Sunday, August 28, 2011

New Thing

This is a new thing I'm starting, but I don't know what to call it.  You guys can need to help me with a title.  The top one's I've thought of right now are:

'Sunday Replay'    'Sunday Power Play'    'Power Play Sunday'    'Sunday Take Away'    'Solemn Sunday'

So any of those, or anything else you guys can think of to call it, just leave a comment of what you like the most!

What I'm starting is simply a post each Sunday of what I learned that day, because I'm always enlightened each and every Sunday, and I love it.

Heavenly Father, the ultimate coach.

Something that's common between most coaches is yelling.  Why do they yell at the players who are trying their best?  I'll answer with a scripture: “As many as I love, I rebuke and chasten" (Revelation 3:19). The coach simply wants the player to improve himself, so he let's him know what he's doing wrong.  The same thing happens with parents rebuking their children.  In his April 2011 General Conference talk, D. Todd Christofferson related this story:

President Hugh B. Brown, formerly a member of the Twelve and a counselor in the First Presidency, provided a personal experience. He told of purchasing a rundown farm in Canada many years ago. As he went about cleaning up and repairing his property, he came across a currant bush that had grown over six feet (1.8 m) high and was yielding no berries, so he pruned it back drastically, leaving only small stumps. Then he saw a drop like a tear on the top of each of these little stumps, as if the currant bush were crying, and thought he heard it say:  
“How could you do this to me?
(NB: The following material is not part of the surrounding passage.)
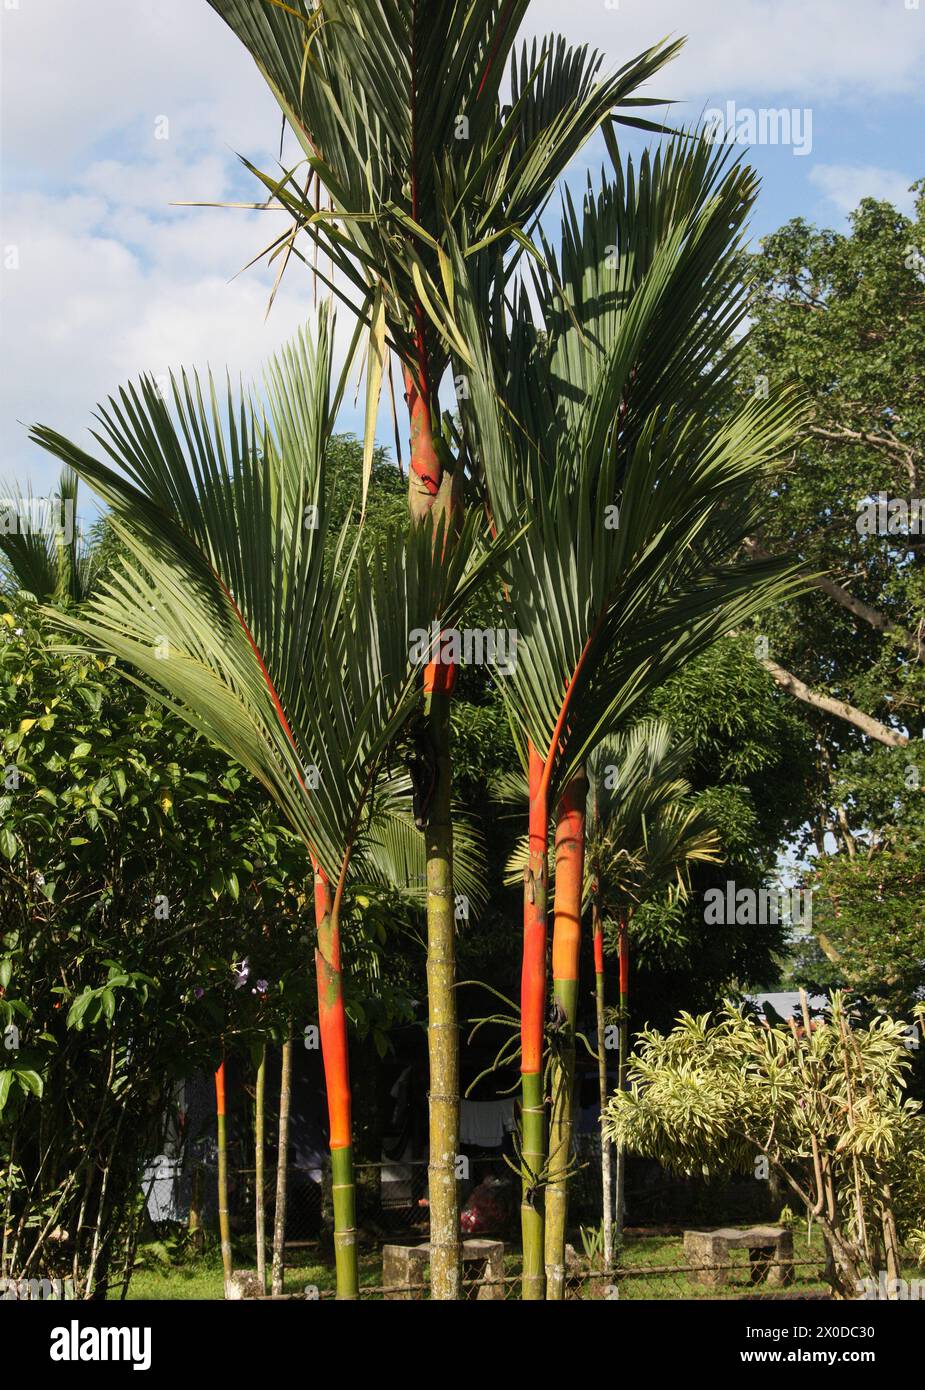 Red Sealing Wachspalme auch bekannt als Lippenstiftpalme oder Rajah Palm, Cyrtostachys renda, Arecaceae, Palmae. Tortuguero, Costa Rica. Stockfoto

I was making such wonderful growth. … And now you have cut me down. Every plant in the garden will look down on me. … How could you do this to me? I thought you were the gardener here.” 
President Brown replied, “Look, little currant bush, I am the gardener here, and I know what I want you to be. I didn’t intend you to be a fruit tree or a shade tree. I want you to be a currant bush, and someday, little currant bush, when you are laden with fruit, you are going to say, ‘Thank you, Mr. Gardener, for loving me enough to cut me down.’” 
Years later, President Brown was a field officer in the Canadian Army serving in England. When a superior officer became a battle casualty, President Brown was in line to be promoted to general, and he was summoned to London. But even though he was fully qualified for the promotion, it was denied him because he was a Mormon. The commanding general said in essence, “You deserve the appointment, but I cannot give it to you.” What President Brown had spent 10 years hoping, praying, and preparing for slipped through his fingers in that moment because of blatant discrimination. Continuing his story, President Brown remembered: 
“I got on the train and started back … with a broken heart, with bitterness in my soul. … When I got to my tent, … I threw my cap on the cot. I clenched my fists, and I shook them at heaven. I said, ‘How could you do this to me, God? I have done everything I could do to measure up. There is nothing that I could have done—that I should have done—that I haven’t done. How could you do this to me?’ I was as bitter as gall. 
“And then I heard a voice, and I recognized the tone of this voice. It was my own voice, and the voice said, ‘I am the gardener here. I know what I want you to do.’ The bitterness went out of my soul, and I fell on my knees by the cot to ask forgiveness for my ungratefulness. … 
“… And now, almost 50 years later, I look up to [God] and say, ‘Thank you, Mr. Gardener, for cutting me down, for loving me enough to hurt me.’”
Remember, "Divine chastening has at least three purposes: (1) to persuade us to repent, (2) to refine and sanctify us, and (3) at times to redirect our course in life to what God knows is a better path."


 God does love us, and every trial that we go through will simply make us stronger.  You can never grow stronger if you don't get cut down a little along the way.